FIG. 6 is a diagram of the prominent elongated portions of petunia petals;

FIG. 7 is a diagram showing the result of PCR positive detection of PhDof28 transgenic tobacco plants;

FIG. 8 is a graph showing the results of semi-quantitative analysis of positive lines of PhDof28 gene transferred from tobacco;

FIG. 9 is a diagram showing the result of PCR expression analysis of PhDof28 gene Real-Time at different flowering stages of transgenic tobacco;

FIG. 10 is a phenotypic plot of transgenic tobacco 31 lines overexpressing PhDof 28;

FIG. 11 is a scanning electron microscope analysis diagram of PhDof28 transgenic tobacco 28 strain and 31 strain; note: displaying a petal picture on a sampling part of a scanning electron microscope; up refers to the cell morphology of the upper half part of the petal; mid refers to the partial cell morphology in the petals; down refers to the cell morphology of the lower half of the petals.

Detailed Description

The invention is further described with reference to specific examples.

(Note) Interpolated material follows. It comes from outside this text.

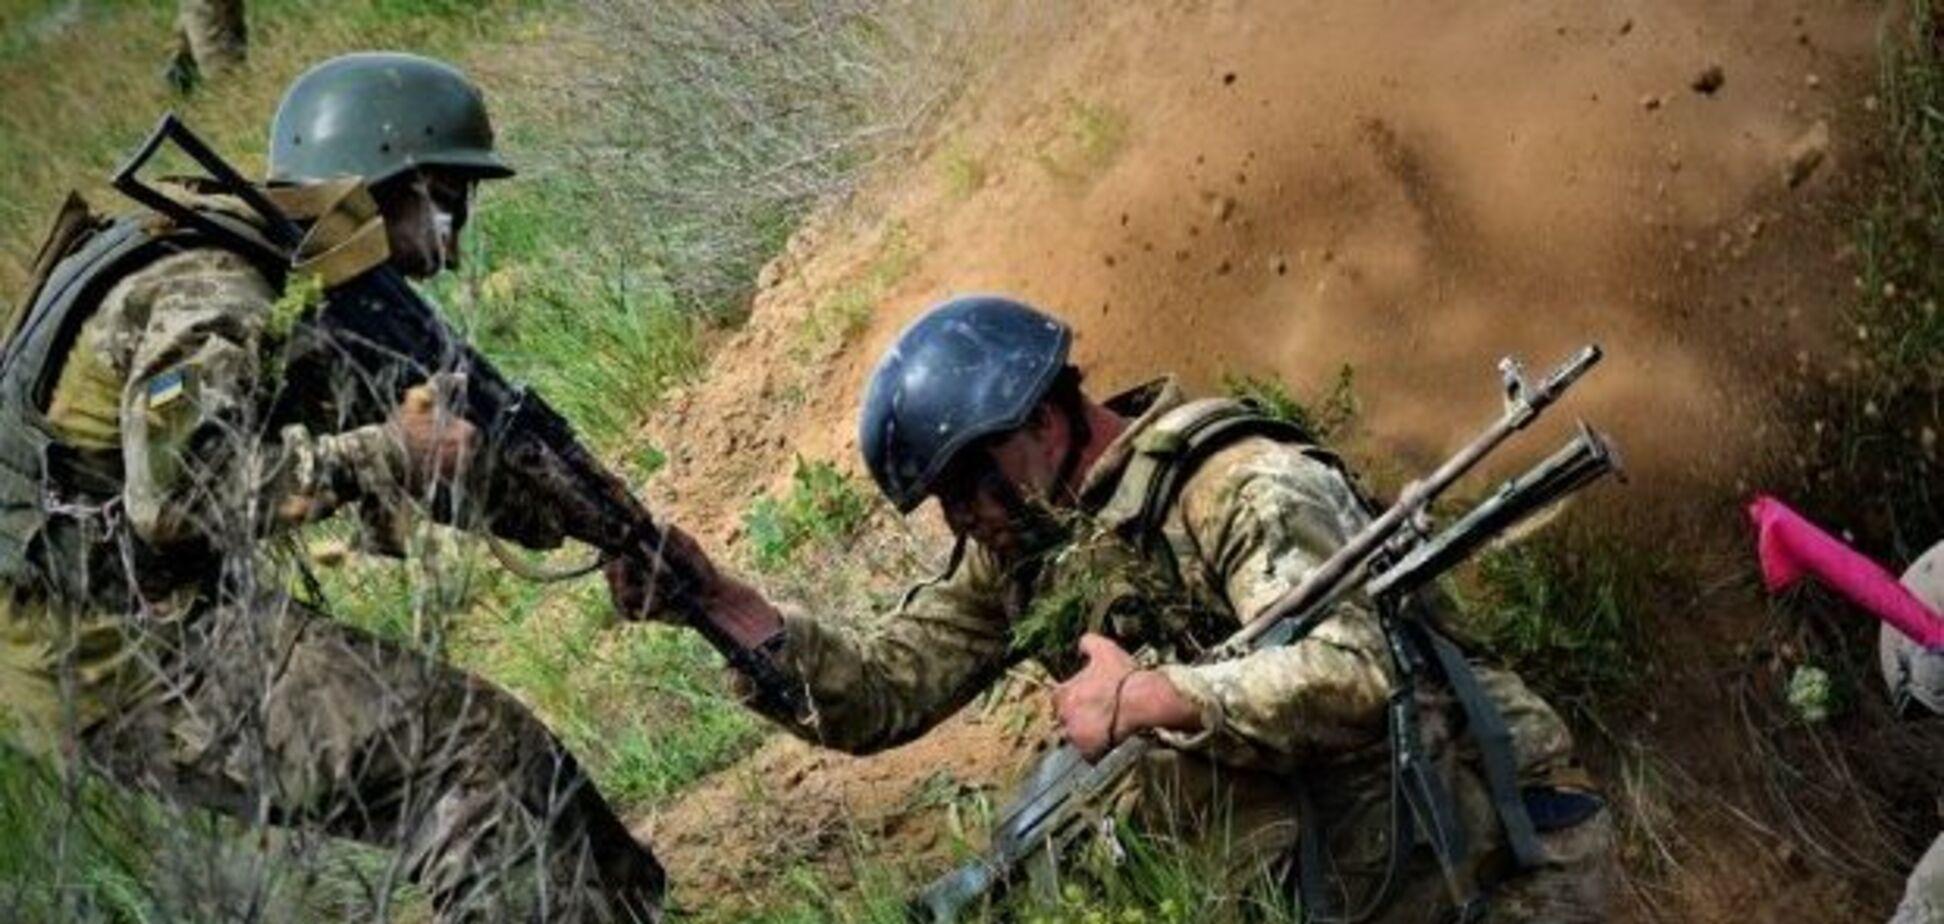 Боец из Кривого Рога подорвался на Донбассе

Example 1: cloning of petunia floral organ development Gene PhDof28

Experimental materials: petunia hybrida variety 'fantasy' is provided by a key laboratory of the scenic garden school of Nanjing forestry university, sown in a growth room of the scenic garden school of Nanjing forestry university and grown under natural conditions.

The gene source is as follows: based on the existing petunia anther transcriptome database (unpublished) of the previous subject group, the selected petunia anther transcriptome database was named as PhDof 28.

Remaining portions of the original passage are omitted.